Upaya mendukung implementasi ekonomi biru dan pembangunan berkelanjutan di Indonesia mendapat dukungan Kementerian Koordinator Bidang Kemaritiman dan Investasi (Kemenko Marves) yang bekerja sama dengan Program Pembangunan Perserikatan Bangsa-Bangsa (UNDP) dan forum negara Archipelagic Island States (AIS).
Bersama dua lembaga tersebut, Kemenko Marves menyusun rancangan dokumen strategis ekonomi biru (blue financing strategic document/BFSD) yang sudah dilaksanakan sejak 2019. Dokumen tersebut disusun untuk menjadi panduan umum pembiayaan biru dalam pelaksanaan proyek biru.
perlu dibaca : Ekonomi Biru untuk Menjaga Ekosistem Laut dan Pesisir
Deputi Bidang Koordinasi Kedaulatan Maritim dan Energi Kemenko Marves Basilio Dias Araujo menjelaskan, dokumen tersebut diharapkan bisa mendefinisikan instrumen apa saja dalam keuangan biru yang bisa selaras dengan sektor publik dan juga swasta.

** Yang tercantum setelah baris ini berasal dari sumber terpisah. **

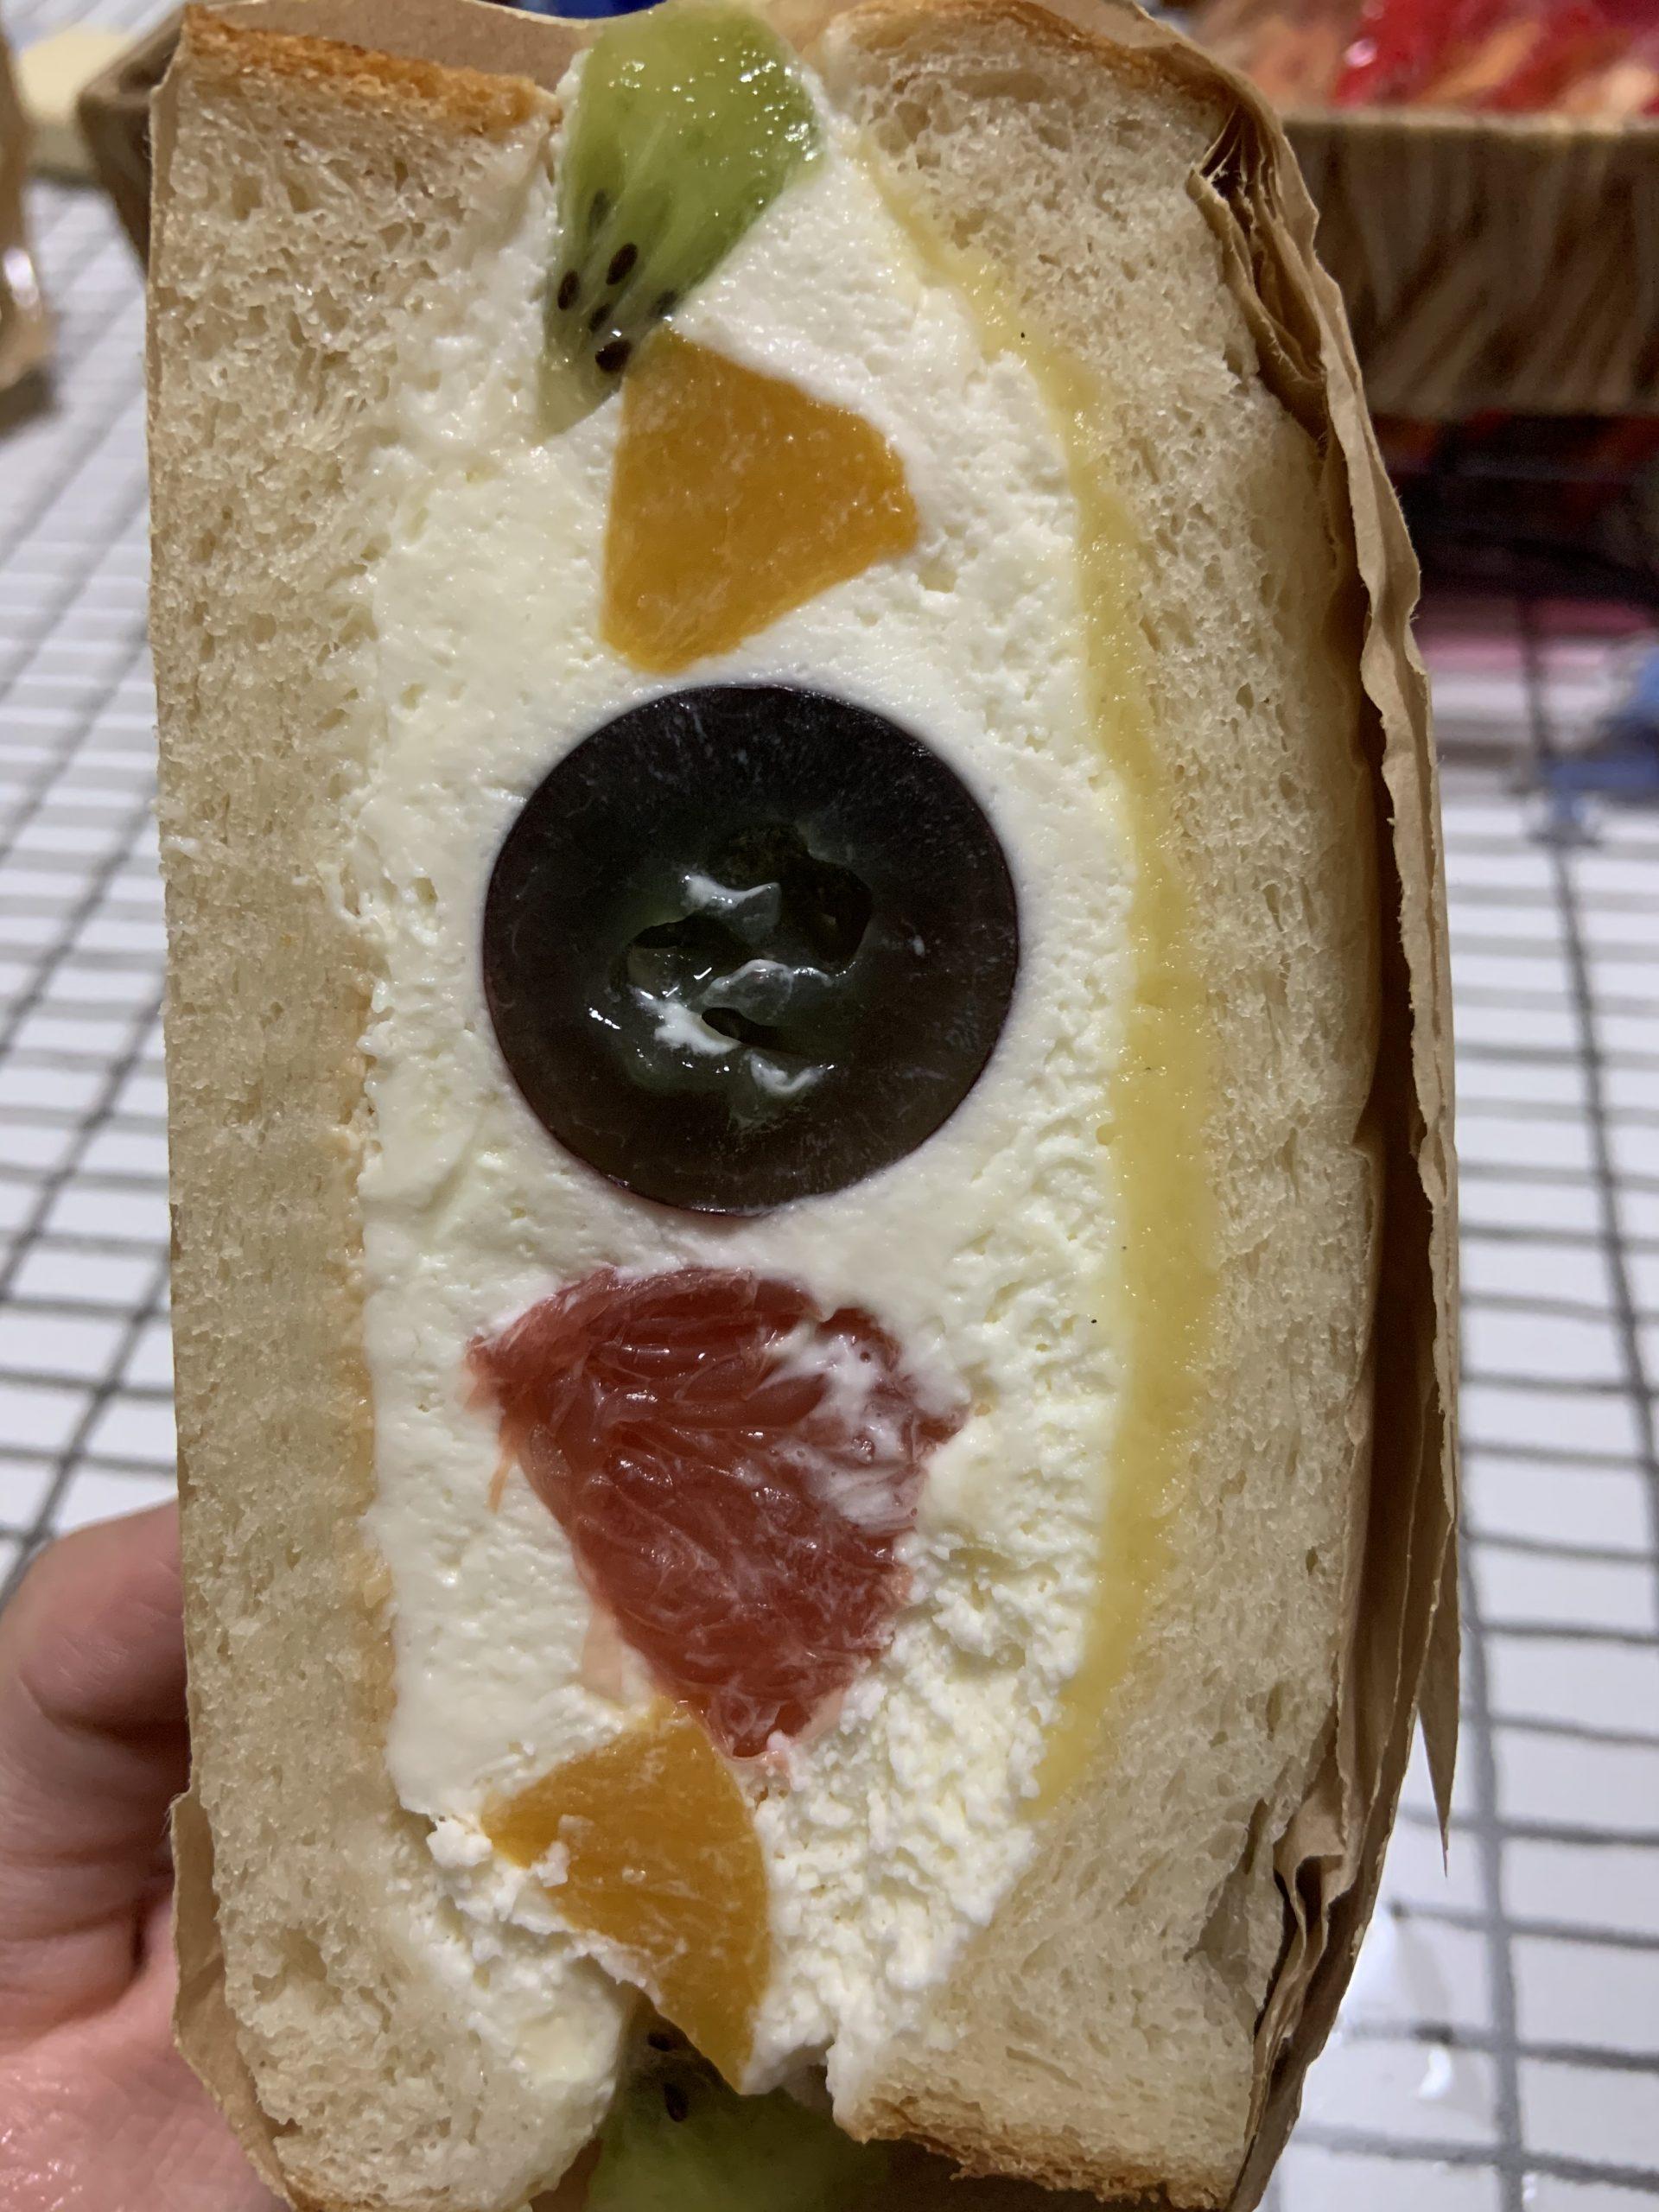 サンドイッチファクトリー チャクミーさんの断面がきれいなフルーツサンド

Dia menyebutkan, jika dokumen BFSD sudah diterbitkan, diharapkan Indonesia bisa menerbitkan surat utang berwawasan kelautan (blue bond). Potensi itu akan sangat besar bisa terwujud dan menjadi peluang baru yang harus dimanfaatkan dengan baik.
Pengelolaan dengan prinsip ekonomi biru menjadi penting bagi Indonesia, karena sumber daya alam yang ada di laut sangat berlimpah. Dalam melaksanakaan pengelolaan, Indonesia harus bisa memberi contoh kepada negara lain bagaimana memanfaatkan setiap potensi yang ada di laut.
“Kita harus menciptakan contoh, kita harus menjadi trendsetter,” tegas dia.
Sebagai negara kepulauan besar di dunia, Indonesia masuk ke dalam 10 besar negara yang memiliki potensi perikanan tangkap di dunia. Potensi tersebut harus bisa dimanfaatkan dengan baik untuk kesejahteraan nelayan dan masyarakat pesisir.
Salah satu potensi yang dinilai unggul, adalah perikanan tuna yang masih sangat menjanjikan untuk pasar dunia. Dari data Statistics International Trade Centre dan The United Nations Commodity Trade Statistics Database (UN Comtrade), nilai ekspor Indonesia masuk peringkat enam dunia pada 2018.
“Bisa bepikir ke arah itu, bagaimana menangkap ikan di Zona Ekonomi Eksklusif kita. Ada jutaan ton ikan disana,” terang dia.
baca juga : Transformasi Ekonomi Laut Berkelanjutan untuk Kelestarian Ekosistem Laut
Sementara, bagi Dosen Fakultas Perikanan dan Kelautan IPB University Luky Adrianto, ekonomi biru adalah sistem ekonomi dengan landasan utamanya adalah ekosistem laut. Sistem tersebut fokus pada perluasan kesempatan sosial dan pengurangan limbah terhadap lingkungan.
Terdapat delapan sektor dalam ekonomi biru, yaitu perikanan berkelanjutan, perlindungan laut, pemulihan keanekaragaman hayati dan ekosistem, penanganan limbah, energi terbarukan laut, penanggulangan bencana dan pengurangan risiko, bioteknologi kelautan, wisata, serta teknologi kelautan.
Ada beragam instrumen yang digunakan untuk mengembangkan ekonomi biru, salah satunya adalah diversifikasi instrumen. Bagi Indonesia, diversifikasi sudah diterapkan melalui kebijakan penerbitan Sovereign Thematic Bond dengan menggunakan skema general financing.
Kebijakan tersebut, menurut Direktur Surat Utang Negara Direktorat Jenderal Pengelolaan, Pembiayaan, dan Risiko Kementerian Keuangan RI Deni Ridwan adalah yang pertama di dunia. Oleh karena itu, Indonesia sudah menjadi pelopor untuk diversifikasi instrumen.
Dia mengatakan, pihaknya saat ini sedang bekerja untuk membangun dokumen BFSD dan sekaligus merancang indeks pembangunan ekonomi biru (blue economy development index). Proses tersebut terus berlangsung dan diharapkan bisa mencapai hasil terbaik.